The National Institutes of Health awarded a $1.6 million grant to the School of Medicine and Health Sciences to study the effects of sex hormones on inactive HIV cells, according to a press release late last month.
Alberto Bosque-Pardos, an assistant professor of microbiology who has been leading the research initiative since last June, said eliminating cells that contain HIV genetic material but don’t replicate can be the key to curing HIV. Experts in HIV research said eliminating these cells, holding “latent reservoirs” of the material, is one of the major goals in the field because understanding how these types of cells function could aid in developing a cure for HIV.
Bosque said he and his team are experimenting with the sex hormones estradiol, progesterone and testosterone to test how biological factors influence HIV latency. He said other researchers have looked into the influences of estradiol on the latent reservoir, but no research exists on how progesterone and testosterone affect HIV-related processes, like the establishment or reactivation of the reservoir.
“I’m not looking about whether or not sex hormones will be a possible solution,” he said. “It’s whether or not sex hormones have an impact on some of these processes. Because if we know that high levels of testosterone or high levels of estradiol can influence some of these strategies or cure approaches, then different clinical trials will have to take into account hormonal levels.”
Bosque said his team’s model uses human cells that are infected with HIV. He said they first take the cells from people who are HIV-negative and then infect the cells with the virus in the lab. He said the method allows his team to manipulate the systems to learn what variables contribute to the reactivation of the HIV cells.
“That allows us to be able to manipulate these in vitro systems to study what variables and factors will be contributing to the establishment or the reactivation of this latent reservoir,” he said.
Bosque said most clinical trials studying interventions for the HIV latent reservoir have used a predominantly male experimental group, constricting results to the biological and hormonal factors associated with males. His team is considering how the various factors found among diverse populations of people can affect the reservoir, he said.
“We are trying to model what will happen when some of these approaches that are being pursued will encounter diversity, and we do that in a test tube, which is in a controlled environment,” he said. “Because obviously when we are talking about women or transgender, it’s not only the biological factors but also hormonal factors, and there is a lot of confounding factors that can come into studies.”
Experts in HIV research said latent HIV cells are a significant obstacle in both curing and treating HIV because although they don’t replicate, they contain the virus’s genetic material.
Ruth Serra-Moreno, an associate professor of microbiology and immunology at the University of Rochester, said latent HIV cells can support the replication of HIV cells once they are reactivated.
“Although these latently infected cells may seem harmless since they do not support active HIV replication, they still harbor the HIV genetic material,” she said in an email. “In addition, these cells do not respond to the antiretroviral therapies that affected individuals normally take.”
Serra-Moreno said sex hormones can activate or deactivate specific genes in a cell. She said the hormones include a gene that reprograms regular immune cells into memory immune cells, which are responsible for attacking pathogens that the body has previously been exposed to or vaccinated against.

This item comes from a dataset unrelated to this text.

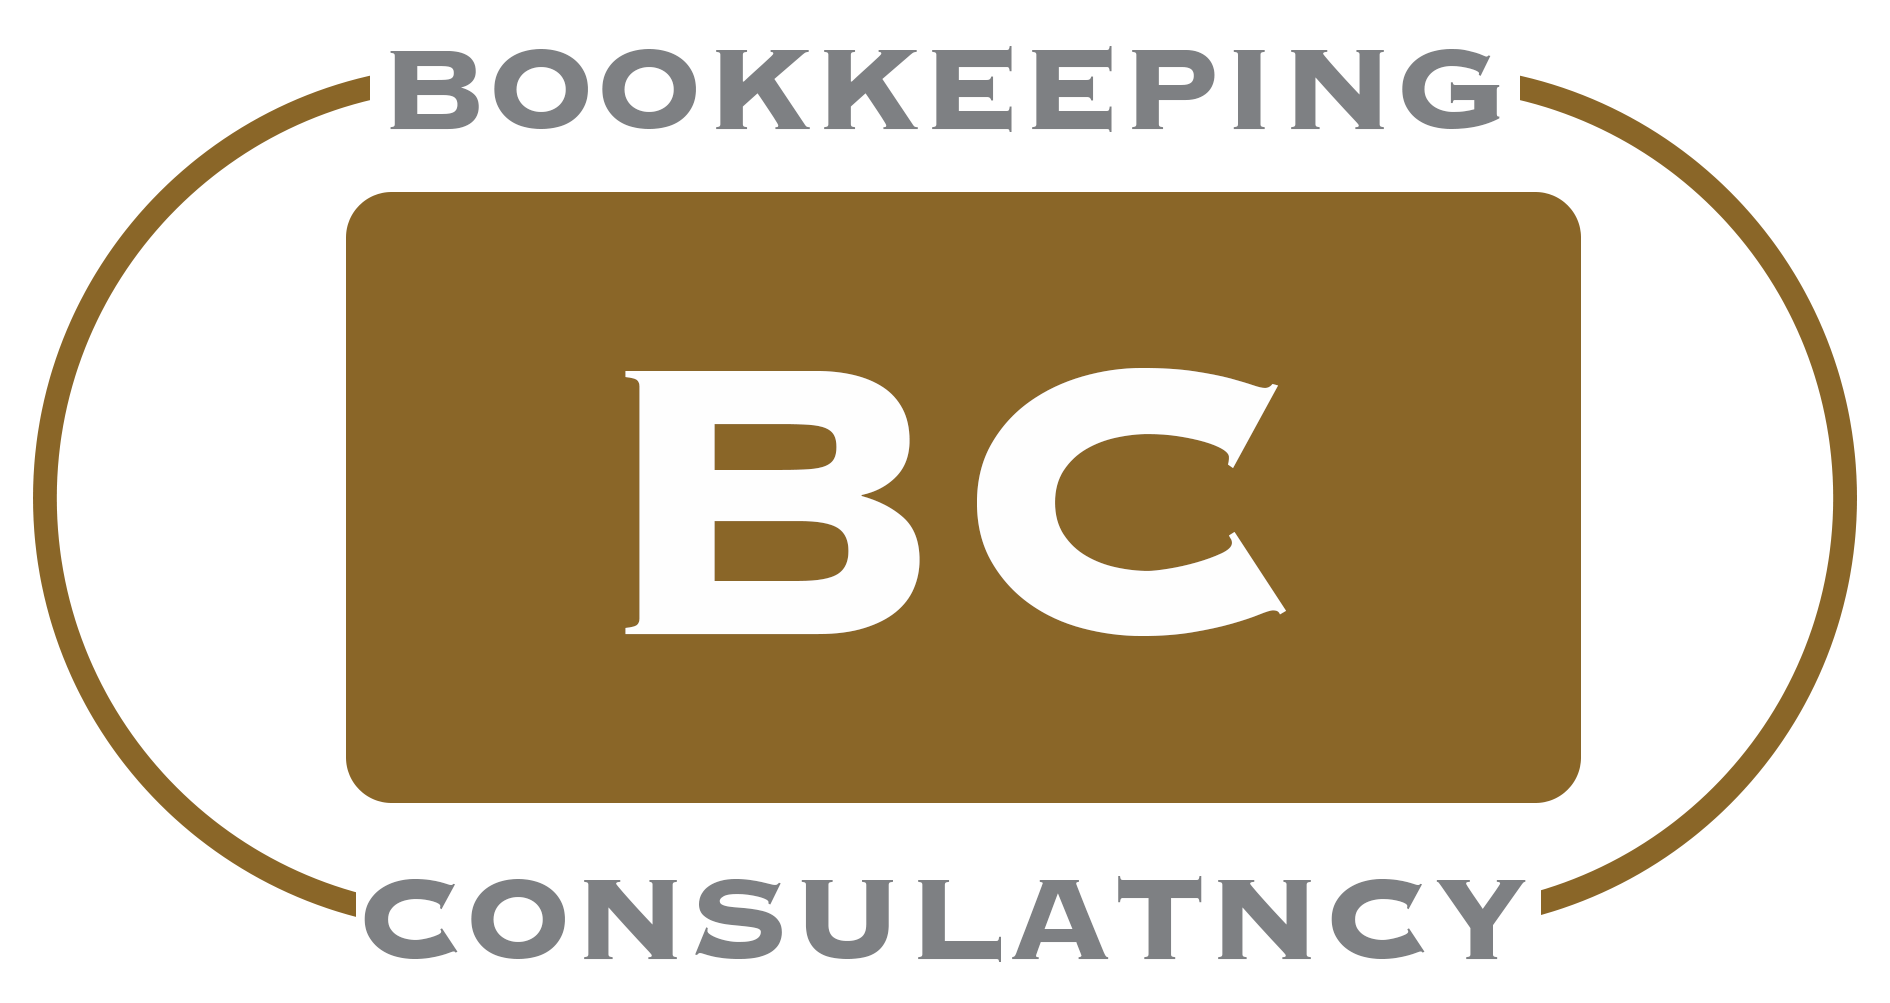 Bookkeeping Consultancy

“Since HIV infects immune cells, it is very likely that during infection, the virus ends up infecting cells that will be reprogrammed into memory,” she said. “Under these circumstances, the virus is unable to take advantage of the cell for its own propagation and establishes a latent infection.”
Renee Heffron, an associate professor of global health and epidemiology at the University of Washington, said researchers have seen varying degrees of HIV infection susceptibility at different points of a female’s menstrual cycle, a period typically characterized by abnormal and varying levels of sex hormones.
“The data are very hard to interpret so we don’t have a clear picture, but we do think that there is maybe some influence of these sex hormones on susceptibility to HIV,” she said. “I think that you can draw from that there would be an interest or reason to see whether this has an impact on latency or effectiveness on a cure.”